Select your format based upon: 1) how you want to read your book, and 2) compatibility with your reading tool. To learn more about using Bookshare with your device, visit the "Using Bookshare" page in the Help Center.
Here is an overview of the specialized formats that Bookshare offers its members with links that go to the Help Center for more information.
- Bookshare Web Reader - a customized reading tool for Bookshare members offering all the features of DAISY with a single click of the "Read Now" link.
- DAISY (Digital Accessible Information System) - a digital book file format. DAISY books from Bookshare are DAISY 3.0 text files that work with just about every type of access technology that reads text. Books that contain images will have the download option of ‘DAISY Text with Images’.
- BRF (Braille Refreshable Format) - digital Braille for use with refreshable Braille devices and Braille embossers.
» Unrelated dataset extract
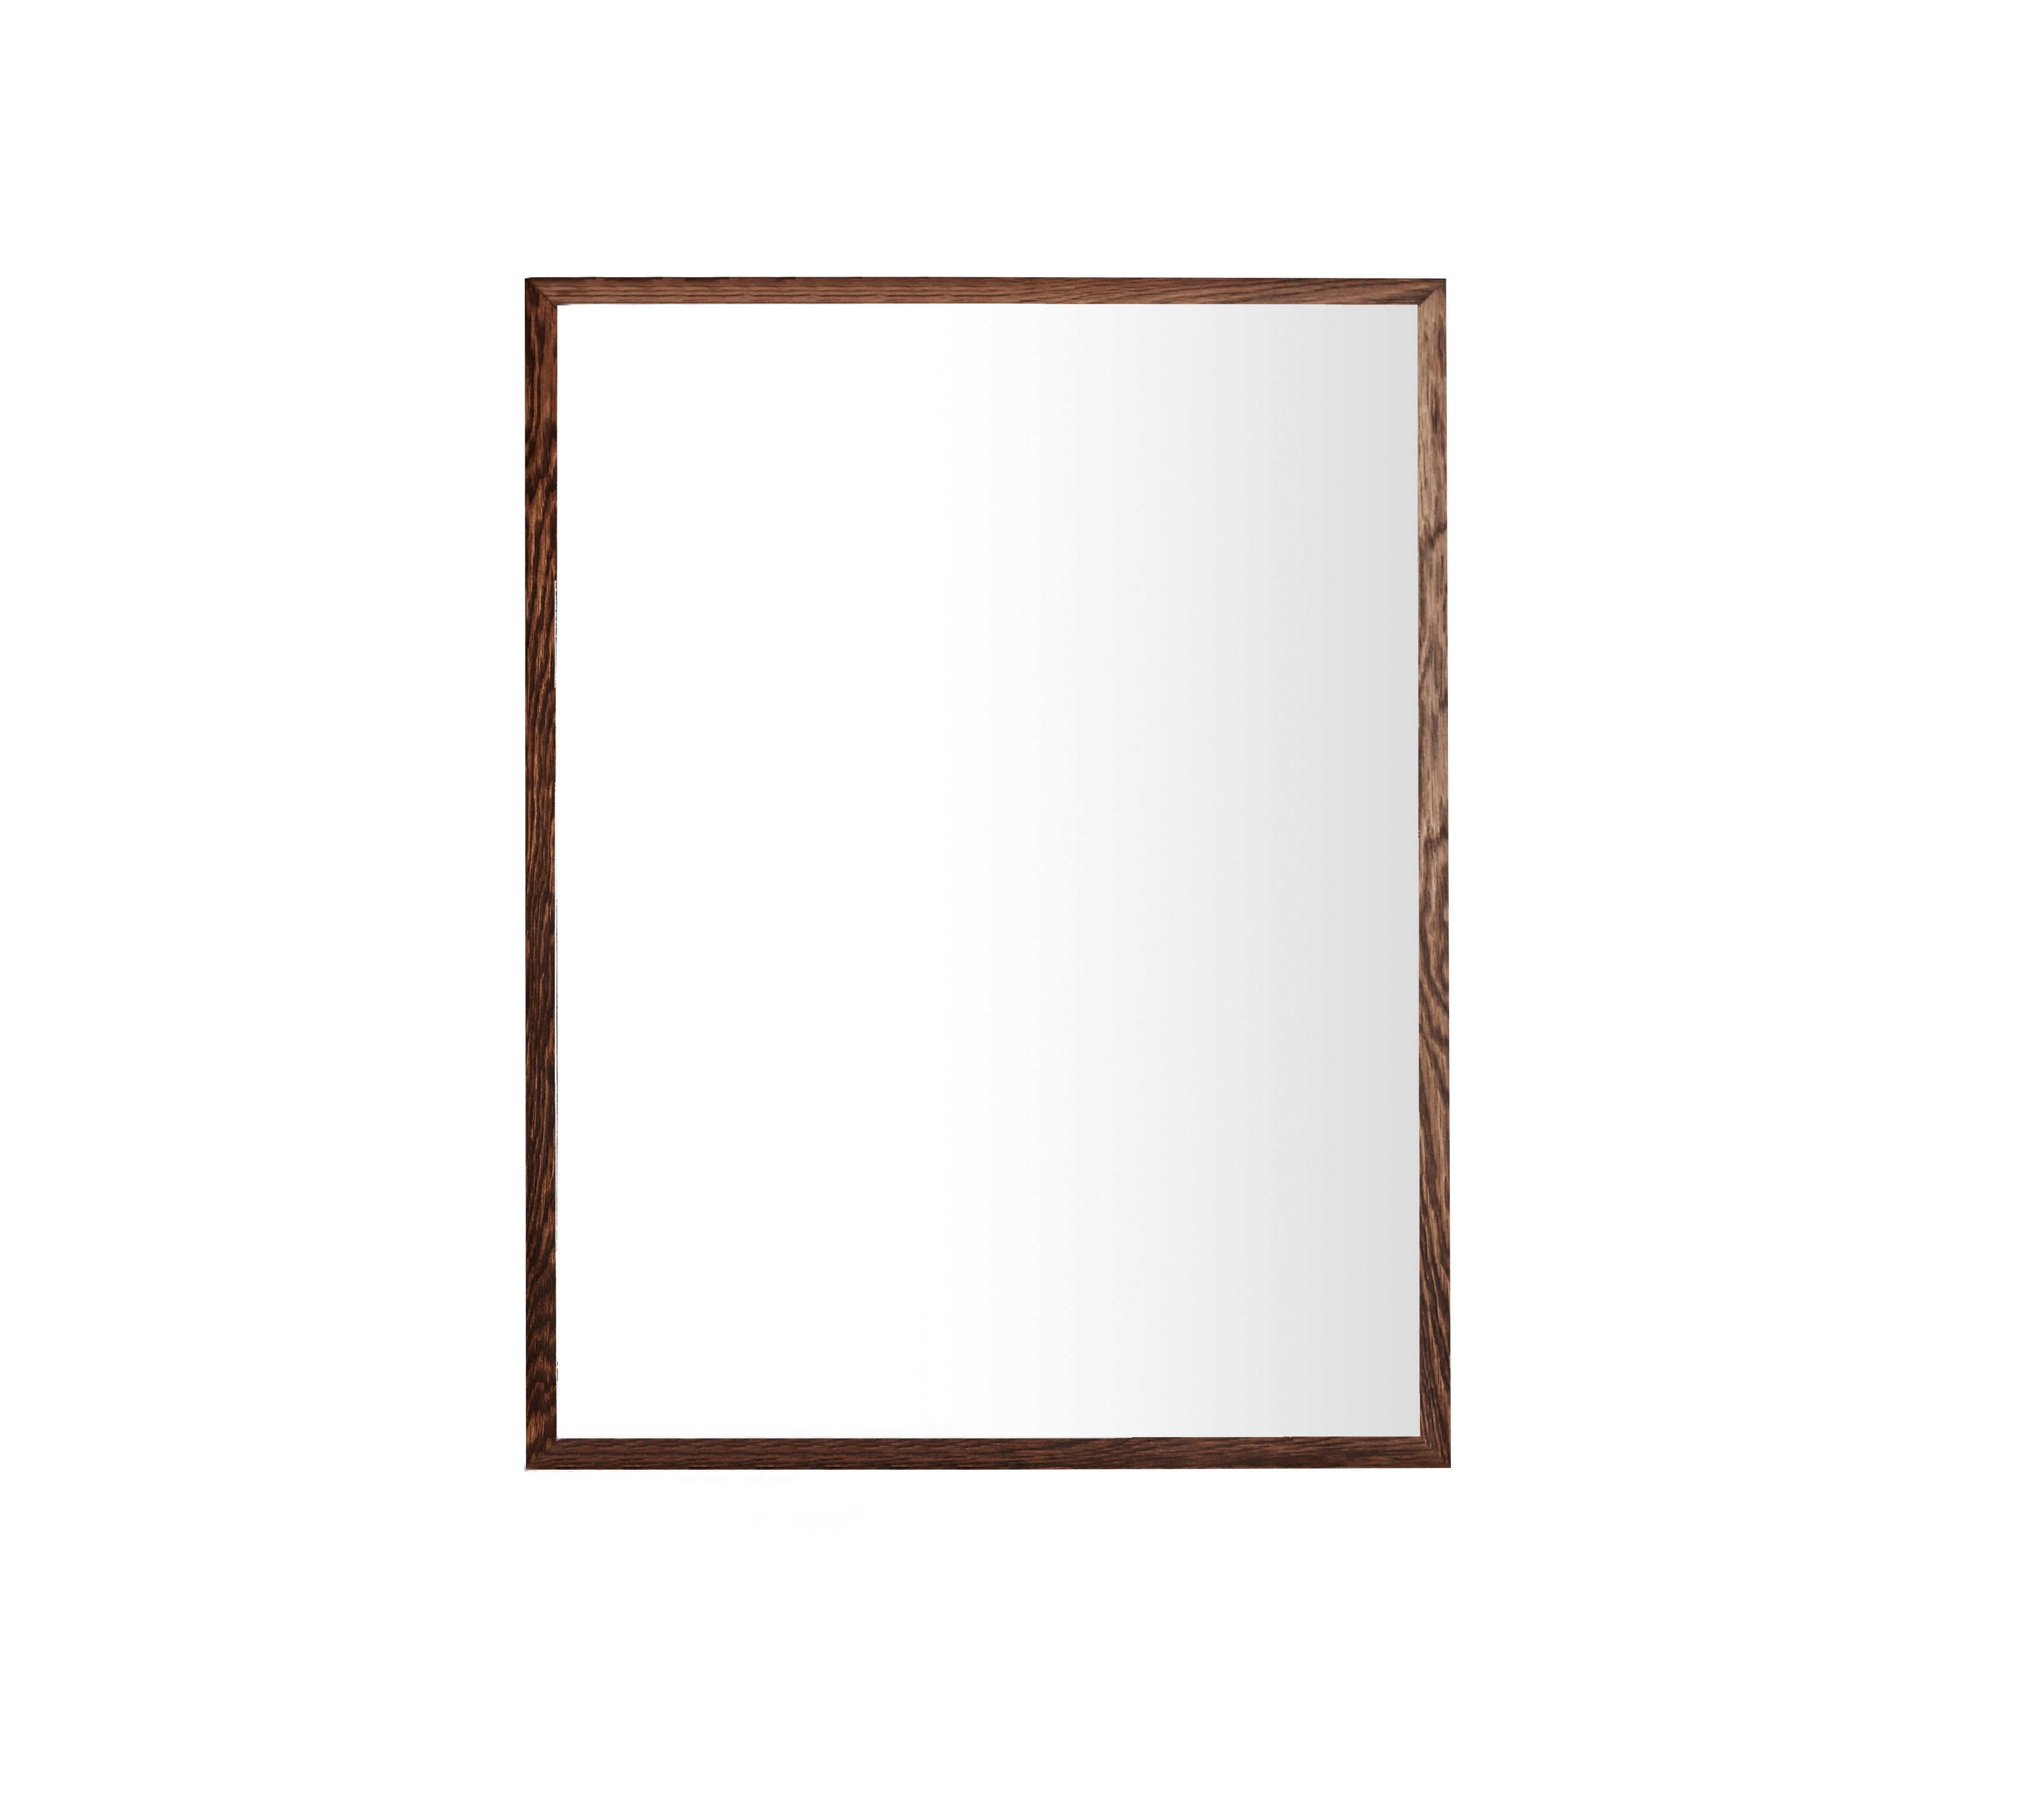 ISSY Z8 Butterfly Rectangle Mirror 500x930 - Zuster Furniture

- MP3 (Mpeg audio layer 3) - Provides audio only with no text. These books are created with a text-to-speech engine and spoken by Kendra, a high quality synthetic voice from Ivona. Any device that supports MP3 playback is compatible.
- DAISY Audio - Similar to the Daisy 3.0 option above; however, this option uses MP3 files created with our text-to-speech engine that utilizes Ivona's Kendra voice. This format will work with Daisy Audio compatible players such as Victor Reader Stream and Read2Go.